HIV-positive man in Minn. found guilty of assault for not using condom
An HIV-positive 30-year-old resident of Minnesota has been convicted by a jury of attempted first degree assault for allegedly failing to use a condom during sex.
United Press International reports that while the jury believed the man had disclosed his HIV-positive status to his partner, it was obligated to find him guilty of the attempted assault charge. The man’s attorney has said he will challenge the guilty verdict.

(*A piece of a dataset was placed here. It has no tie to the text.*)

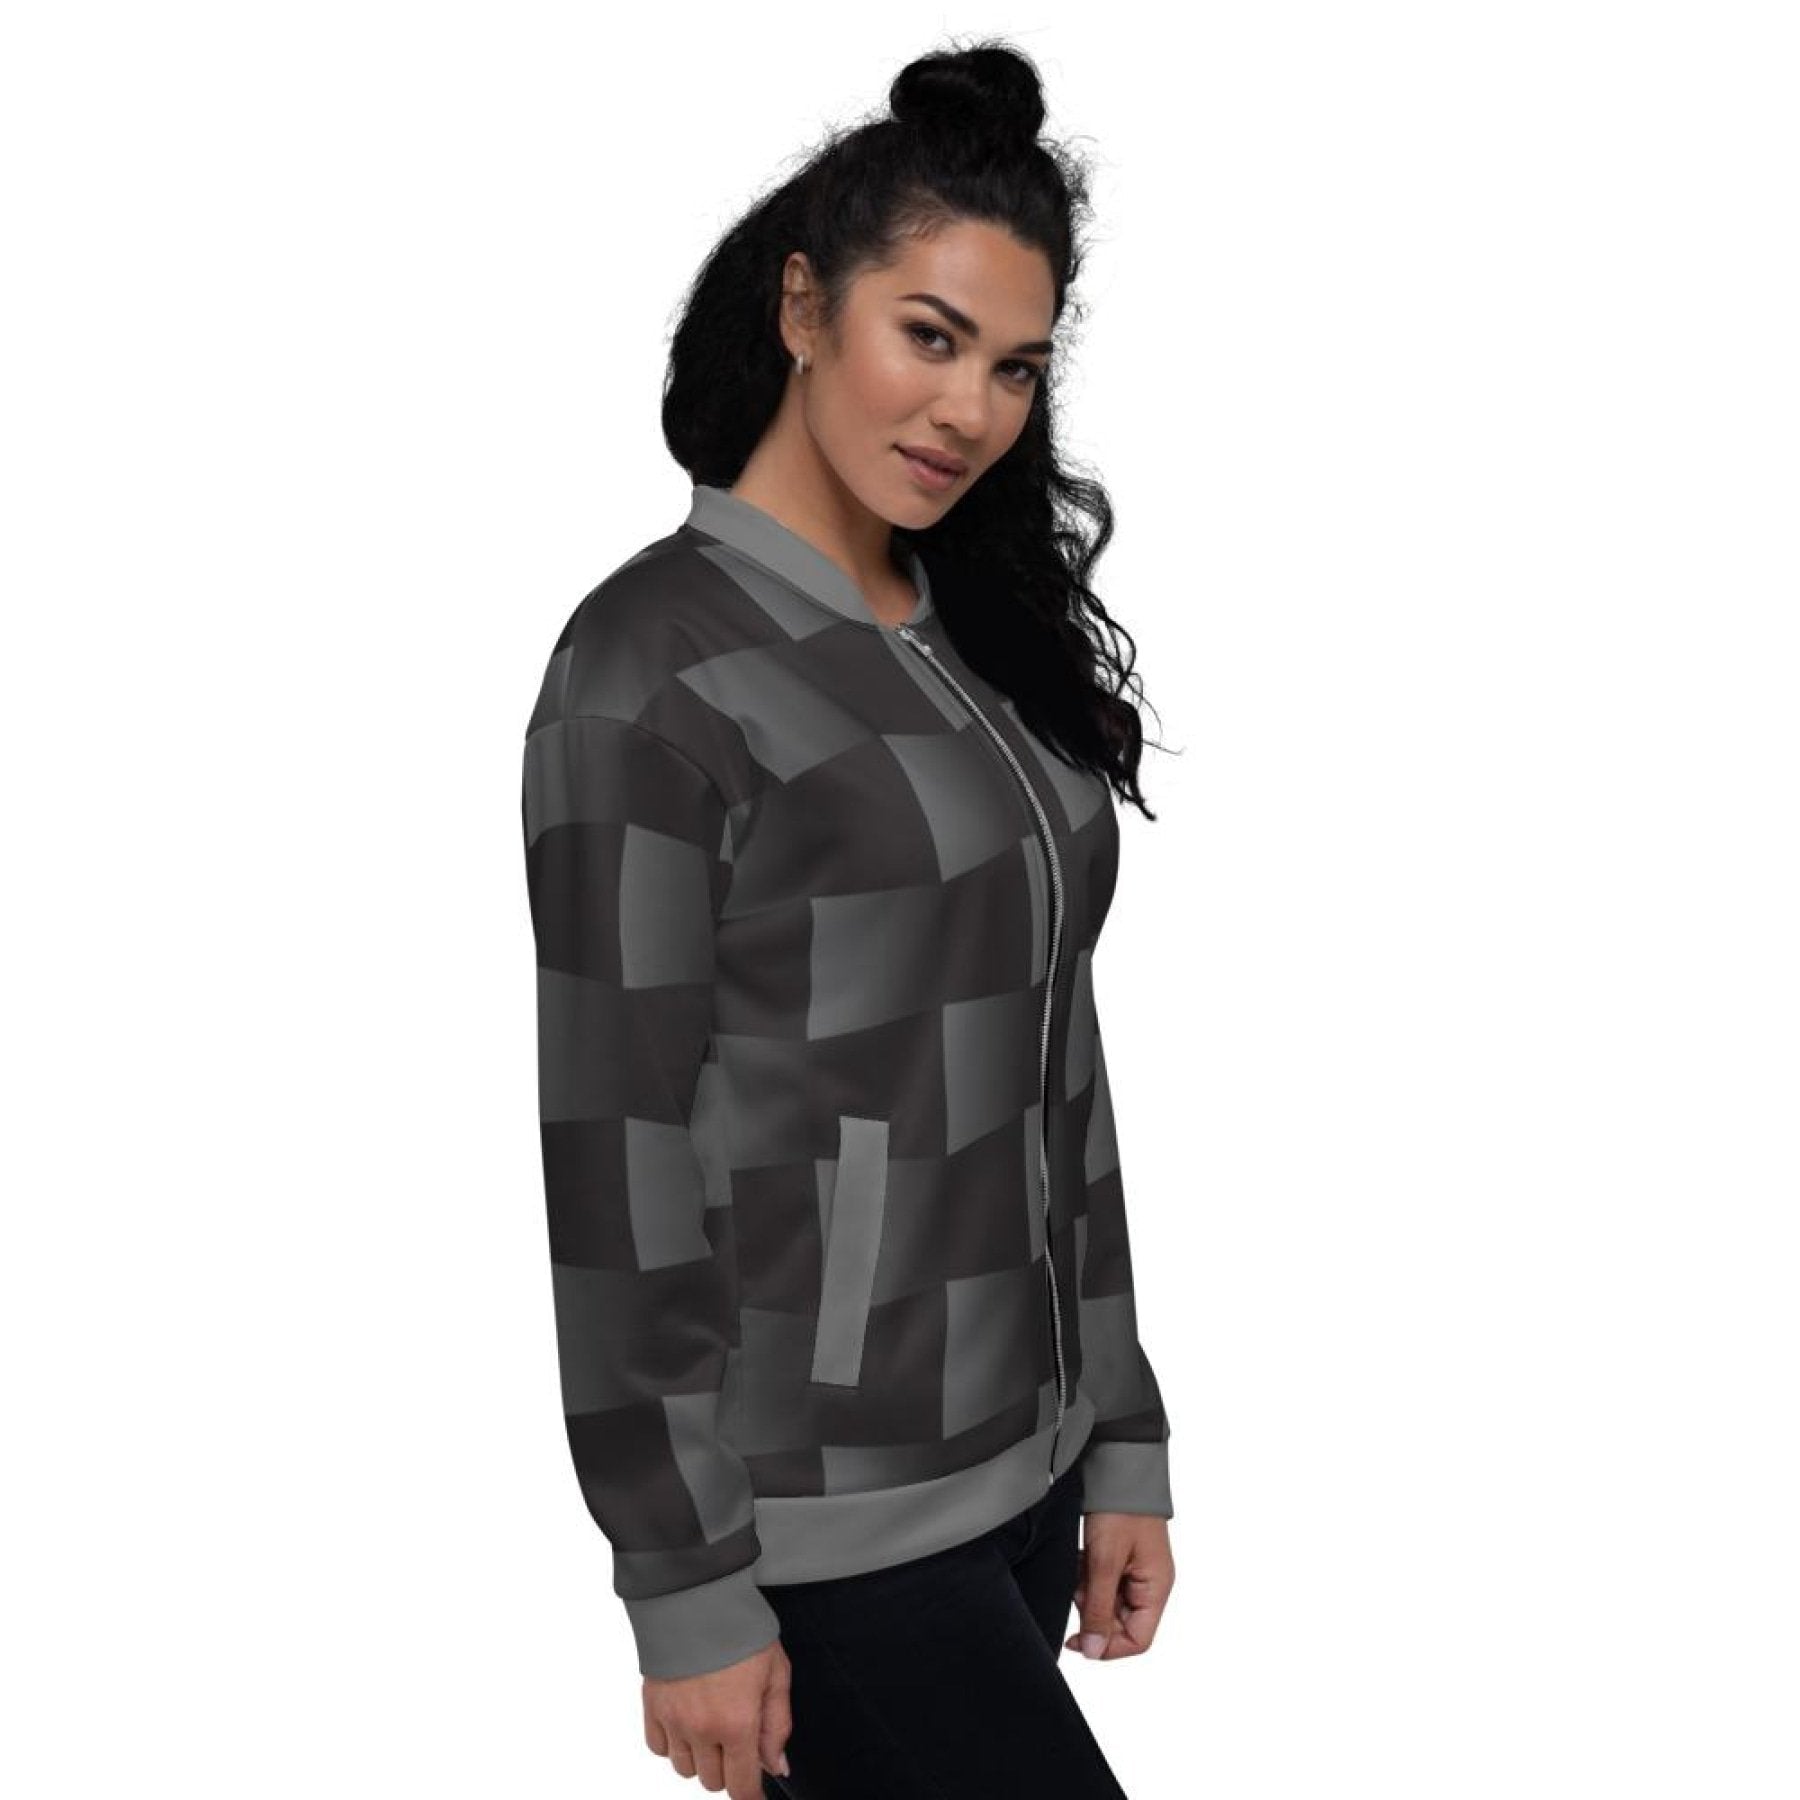 Womens Jacket - Black And Gray 3D Square Style Bomber Jacket - Scarvesnthangs
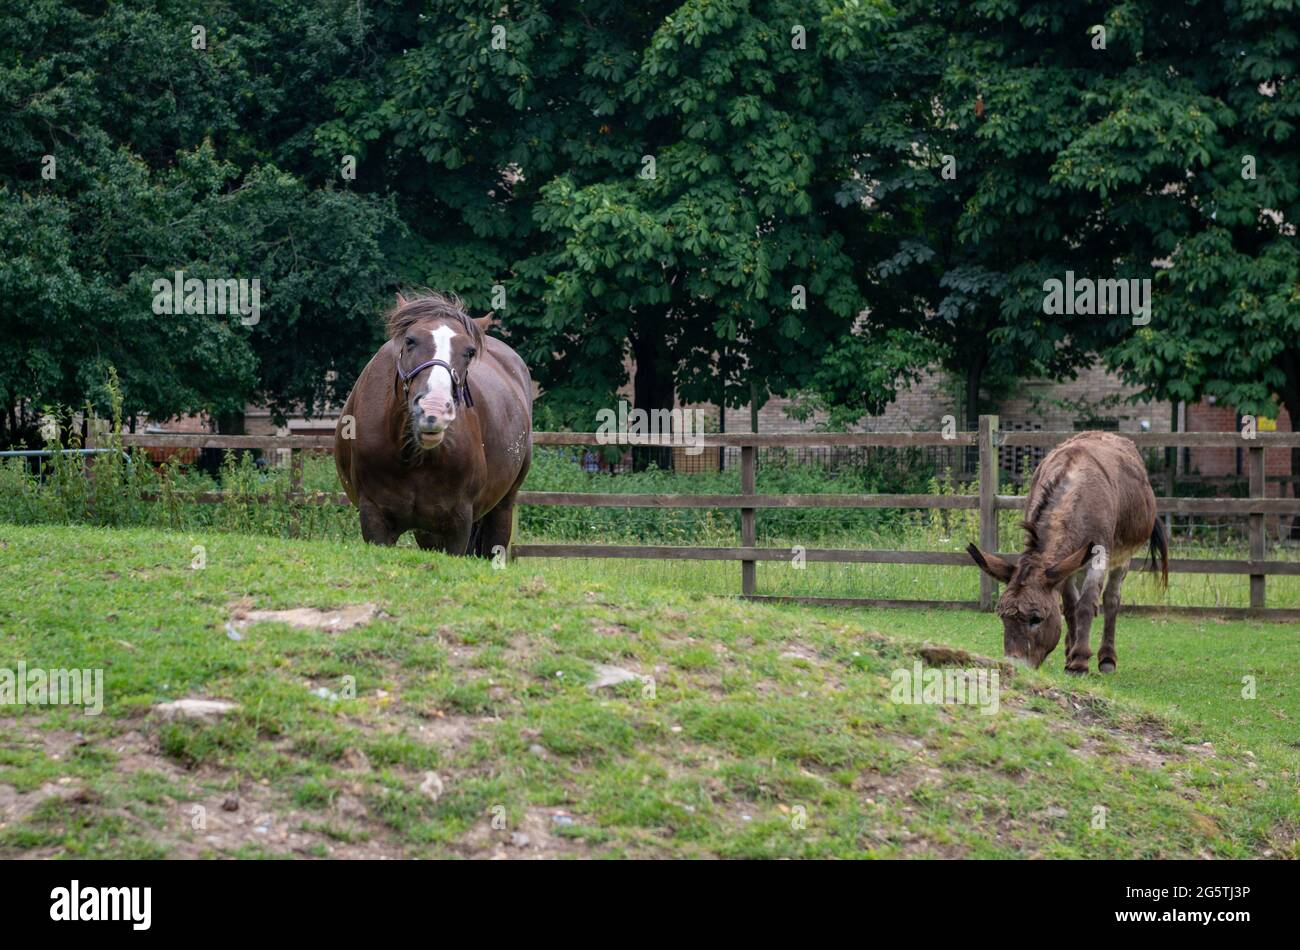 A horse and donkey grazing in the field of a farm. Stock Photo

“Because he didn’t use any protection, it didn’t matter if he told or not,” [defense attorney Landon] Ascheman said. “Reading the statute exactly as it is, they were told they essentially had to convict him.”
The law has two parts. The first addresses the situation with the HIV-positive man, while the second addresses assaults against police and peace officers.
Subdivision 1.Great bodily harm. Whoever assaults another and inflicts great bodily harm may be sentenced to imprisonment for not more than 20 years or to payment of a fine of not more than $30,000, or both.
A legitimate series of questions were not addressed by the UPI story. Specifically, there is no indication if the man was on successful anti-retroviral treatment. Successful treatment has been shown to dramatically reduce the transmission of the virus from the infected to uninfected. Additionally, there are questions about consent involved in this case. If a person consents to harmful behavior, can the state come back and charge one of the partners with assault for consensual behavior?